# at the first go



## Encolpius

Hello, what adverb or phrase do you use in Polish if you do something at the first go/attempt. Mario passed the exam at the first go. 
My attempt is: Mario zdał egzamin za pierwszym razem. 
Thanks


----------



## lukis421

No need to be confused, it's perfectly correct and idiomatic.


----------



## Gochna

Another option could be "za pierwszym podejściem", but I agree with lukis, "za pierwszym razem" is both correct and idiomatic.


----------



## jasio

It depends on an activity. "Od [pierwszego] razu" or "od pierwszego kopa" seem to be better in case of starting engines and other mechanical or electric devices.

"za pierwszym razem", albeit correct in a case of an exam, may be confusing indeed, because it can also mean 'at first', 'originally', etc, thus suggesting that the first attempt of something was successful, but then it was followed by a failure or failures. So it matches best activities, which are one time by their nature, and once you've done them, they are done. Passing an exam is a good example. Inscripting somewhere (like studies, military service, etc) is another. But with activities which are naturally repetitive, like cooking dinner or a specific dish, cleaning, washing, playing snooker, etc., I'd rather avoid it, as the outcome could be different than your intentions. 

"za pierwszym podejściem" works best when a human is the subject, such as all sorts of exams, getting a job, etc.,  not necessarily in other contexts.


----------



## zaffy

We also say 'przy pierwszym podejściu'


----------



## Ben Jamin

Dla mnie "za pierwszym razem" jest wyrażeniem universalnym (generic) i można go używać wszędzie. Nie widzę też w nim żadnej dwuznaczności ani potencjału do nieporozumień. "Zdać egzamin za pierwszym razem" jest jasne i jednoznaczne dla wszystkich, którzy zdawali chociaż raz jakiś egzamin. "Za pierwszym podjeściem" natomiast ma o wiele węższy zakres zastosowań. Normalnie używa się go mówiąc o egzaminach lub pewnych konkurencjach sportowych. 
"Od pierwszego kopa" brzmi dla mnie jak slang, i w wielu sytuacjach może być odebrane jako wulgarne.


----------



## zaffy

Ben Jamin said:


> "Od pierwszego kopa" brzmi dla mnie jak slang, i w wielu sytuacjach może być odebrane jako wulgarne.

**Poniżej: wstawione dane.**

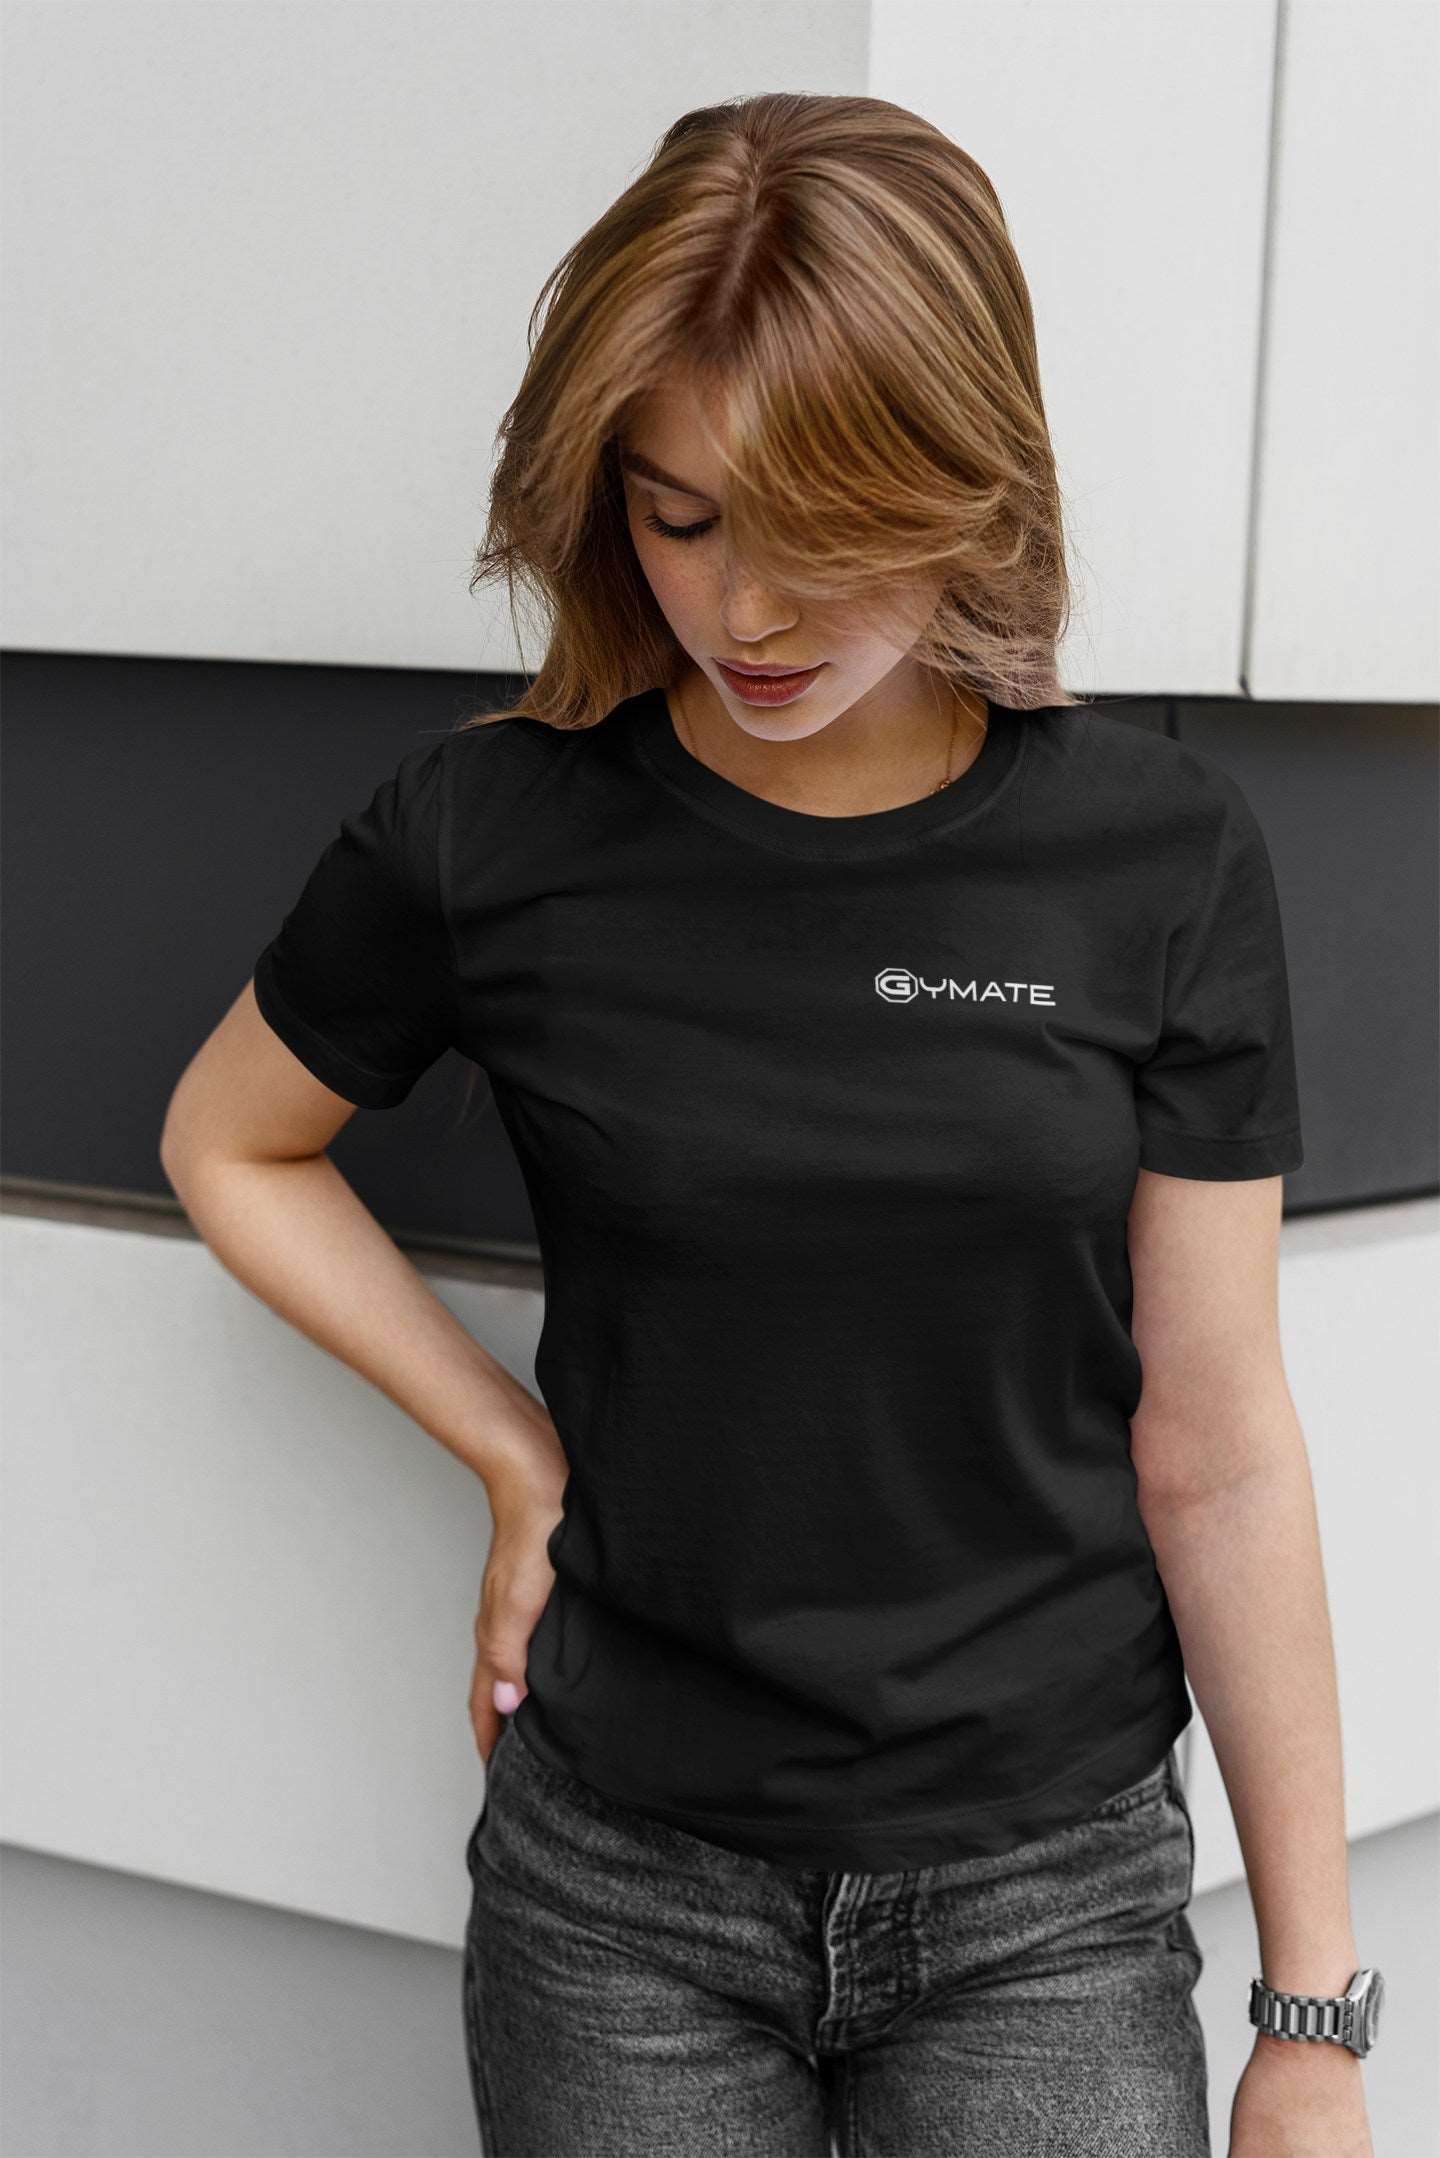 Designer T shirts for women Gymate [chest] black

pełna zgoda, to czysty slang, lub przynajmniej język bardzo kolokwialny


----------



## jasio

Ben Jamin said:


> Dla mnie "za pierwszym razem" jest wyrażeniem universalnym (generic) i można go używać wszędzie. Nie widzę też w nim żadnej dwuznaczności ani potencjału do nieporozumień. "Zdać egzamin za pierwszym razem" jest jasne i jednoznaczne dla wszystkich, którzy zdawali chociaż raz jakiś egzamin.


What about "udało mu/jej się upiec ciasto za pierwszym razem"? Or "stłukł jajko za pierwszym razem". Does it mean the same as "za pierwszym razem stłukł jajko", or something else?


Ben Jamin said:


> "Za pierwszym podejściem" natomiast ma o wiele węższy zakres zastosowań. Normalnie używa się go mówiąc o egzaminach lub pewnych konkurencjach sportowych.


Did I write something substantially different?


jasio said:


> ...such as all sorts of exams, getting a job, etc., not necessarily in other contexts.





Ben Jamin said:


> "Od pierwszego kopa" brzmi dla mnie jak slang, i w wielu sytuacjach może być odebrane jako wulgarne


It is a jargon, indeed. Perhaps originally mechanics', or even engine / car / motorcycle mechanics', where in some cases engines are kickstarted even today - though I remember to have heard it in other context as well. On the other hand, perhaps it's too late for me, but I do not see any obscenity in this phrase. And again:


jasio said:


> ..."od pierwszego kopa" seem to be better in case of starting engines and other mechanical or electric devices.


Which leads to a question: what's your point, actually?


----------